THE DATA —
==============================
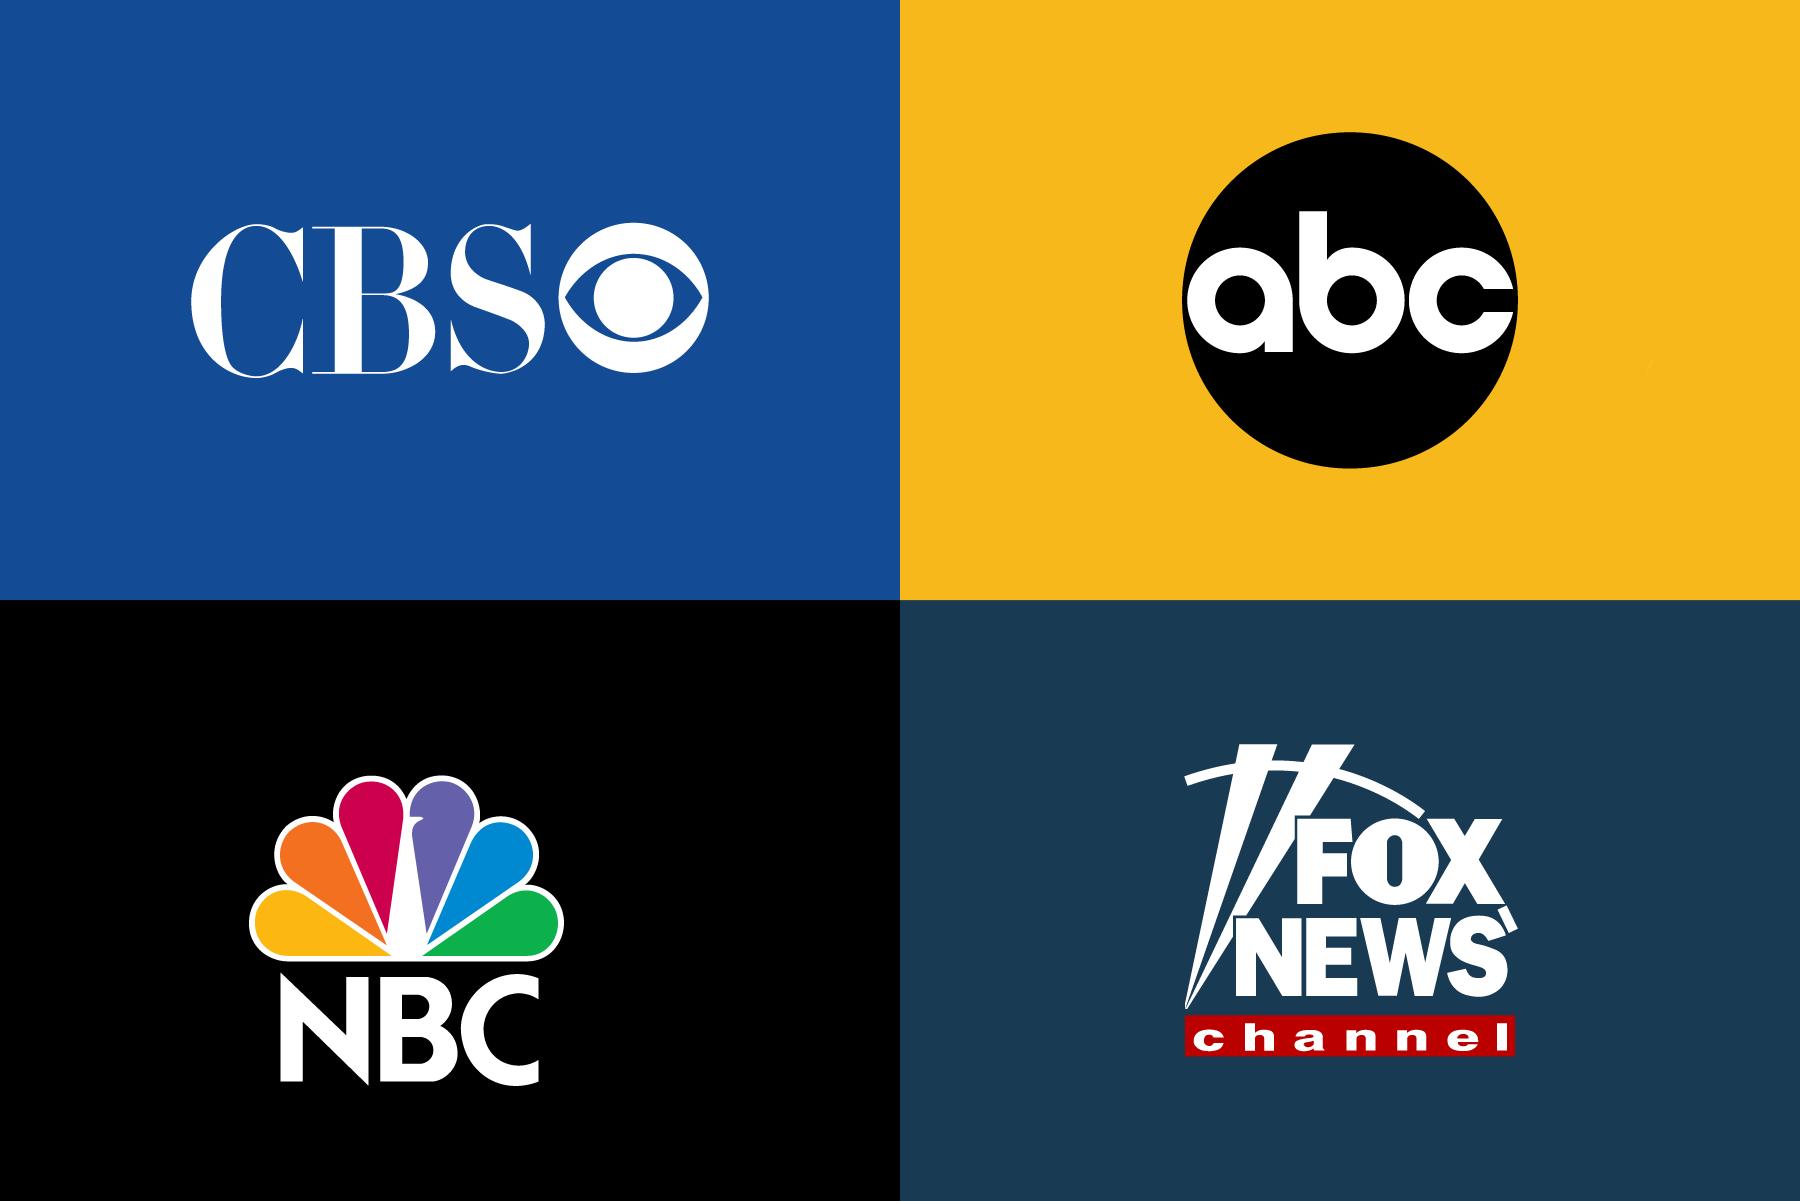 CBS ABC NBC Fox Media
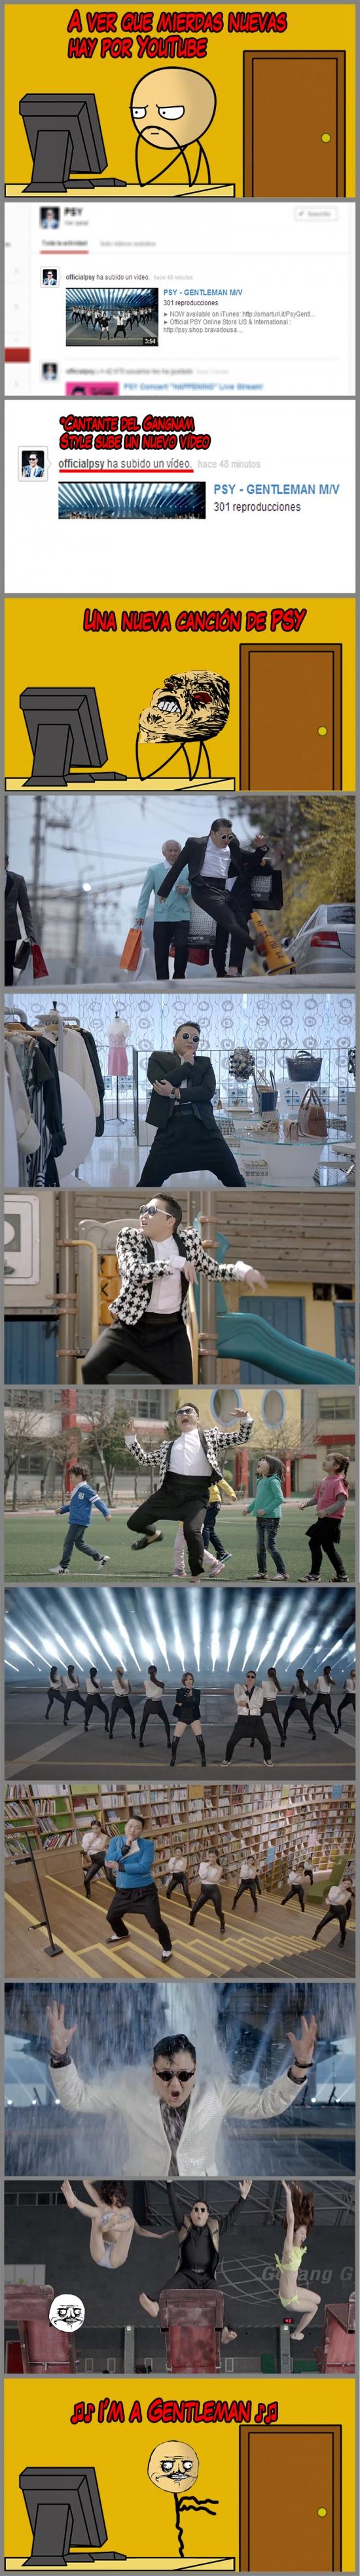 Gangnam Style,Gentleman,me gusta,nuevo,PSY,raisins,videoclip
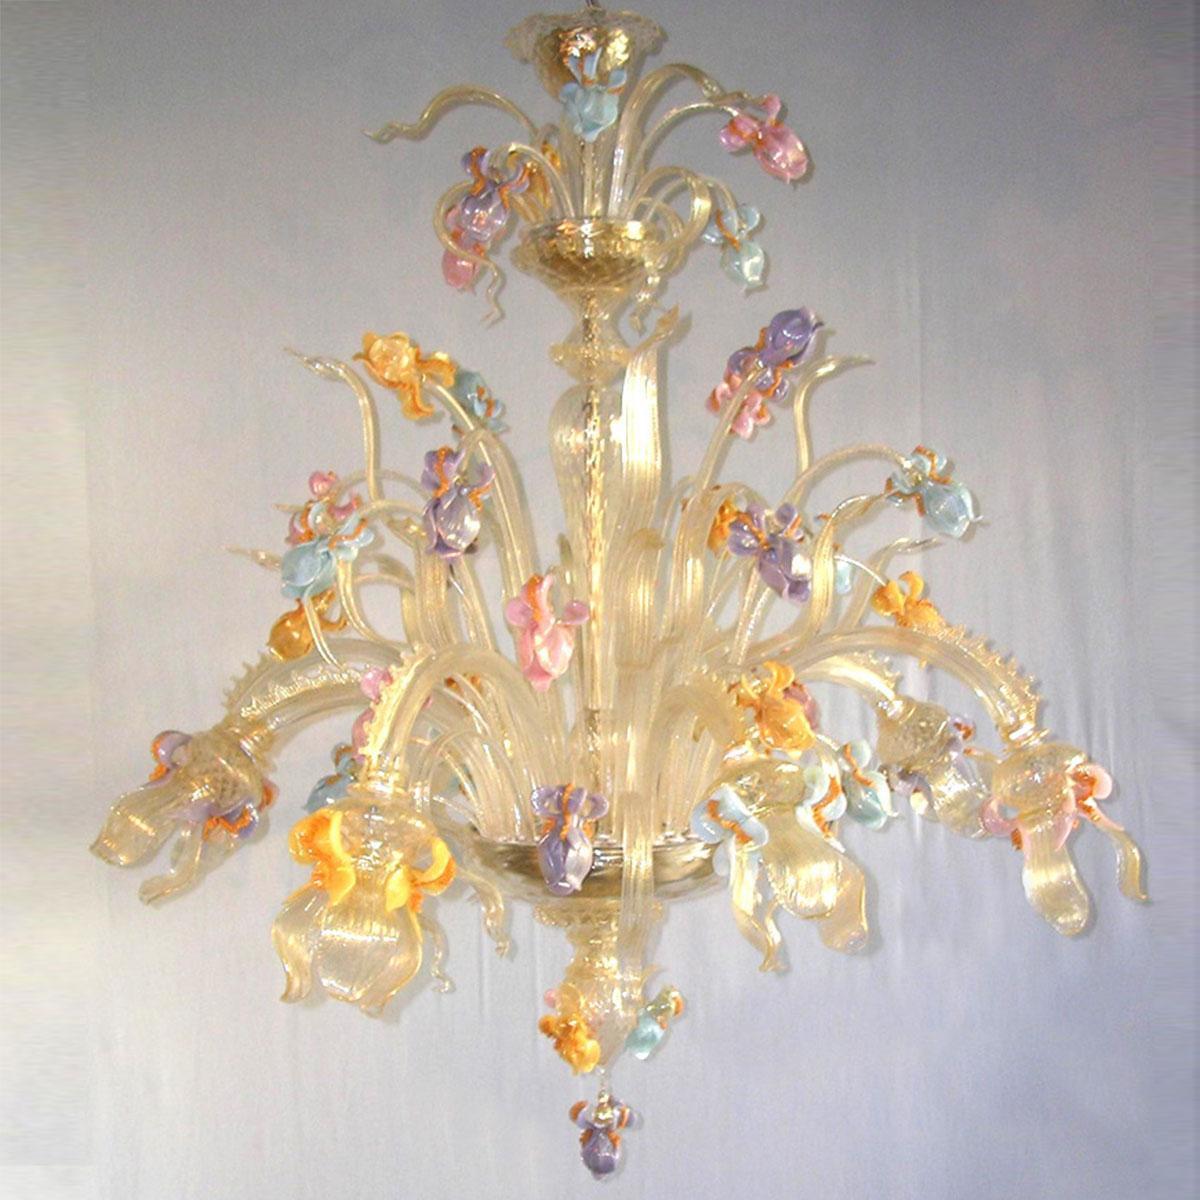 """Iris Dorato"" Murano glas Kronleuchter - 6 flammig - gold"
==============================
ASSIGNMENT — Reproduce the full listing verbatim so that only the pictures are missing.

EXERCISE ANSWER —
 CBS ABC NBC Fox Media
 Gangnam Style,Gentleman,me gusta,nuevo,PSY,raisins,videoclip
 """Iris Dorato"" Murano glas Kronleuchter - 6 flammig - gold"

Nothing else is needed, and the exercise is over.